Батюшка любил говорить нам поучения по всякому случаю, и почти каждый класс начинал притчею по поводу какого-нибудь события нашей гимназической жизни, так что уж мы при первом слоге впивались в него ушами и глазами, стараясь поскорее догадаться, на кого и на что хочет намекнуть он.
Один из богатеньких четвероклассников наших волонтёр Казмин, сын откупщика, постоянно обгонял на своих рысаках скромно шествовашего пешком отца Антония, кое-когда даже обдавая его брызгами грязи из-под копыт пристяжных. Батюшка никогда не упускал публично перед целым классом напудрить за это Казмину голову.
Как только он войдёт в класс с глазами, сверкающими горячее обыкновенного, так мы и знаем, что начнётся головомойка Казмину. Прочтут громко и отчётливо молитву перед ученьем, походит, походит батюшка по классу, с безмолвным состраданием покачивая головою, и начнёт словно сам с собою:
— Бедный христианин, быть может, и несравнимо достойнейший, бредёт по образу апостольскому пешим хождением через прах и грязь, а тщеславные сыны человеческие, надменные земным богатством своим, рыщут на колесницах по стогнам града, и даже не обращают горделивого лица своего на тех скромных путников, коих они покрывают прахом колёс своих…
— Казмин! Казмин! Это он о Казмине! — сейчас же пробегает по классу оживлённый довольный шёпот, а Казмин обдёргивается и краснеет, чтобы, когда придёт надлежащая минута, встать и попросить обычного извинения у батюшки.

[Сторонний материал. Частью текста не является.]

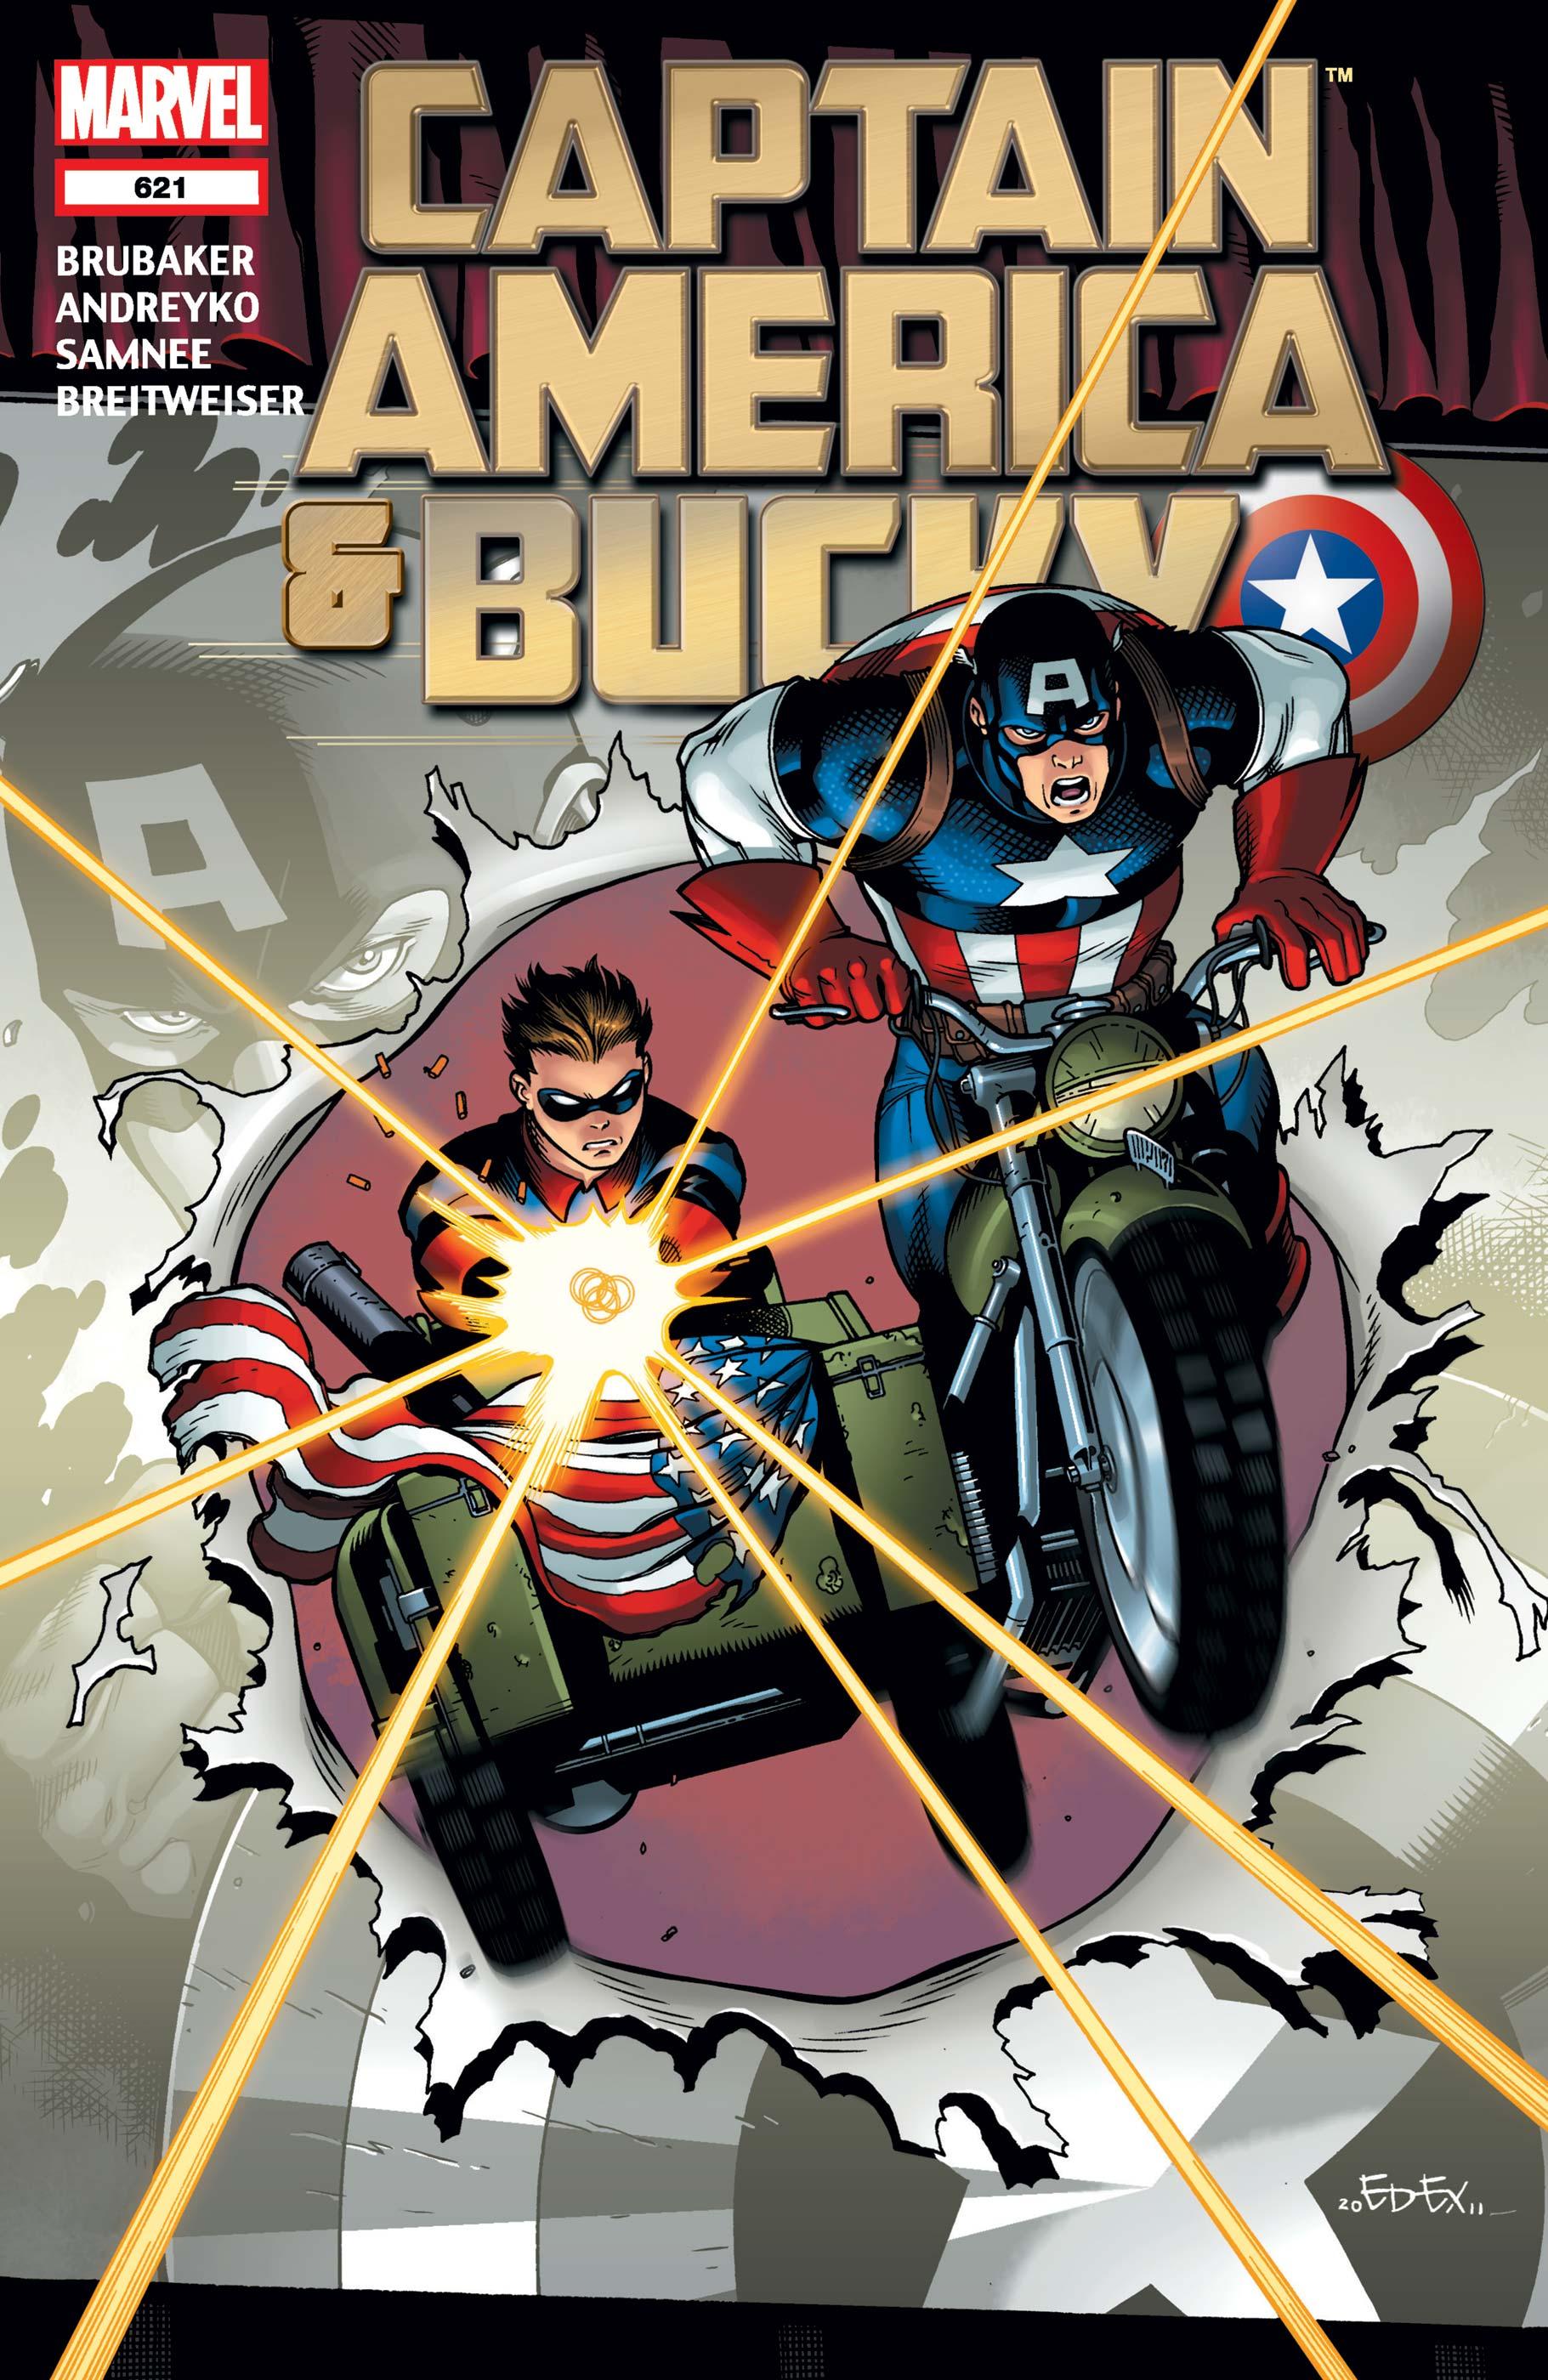 Captain America and Bucky (2011) #621

Особенно славилось в гимназии любимое поученье батюшки, которое он говорил семиклассникам в один из последних классов перед выпуском. Это был практический совет юношам, покидавшим школу и вступавшим в жизнь, как нужно переносить невзгоды этой жизни. Я хорошо помню начало этого поученья, которое все мы знали наизусть за много лет до того, как приходилось услышать его в седьмом классе из уст самого батюшки.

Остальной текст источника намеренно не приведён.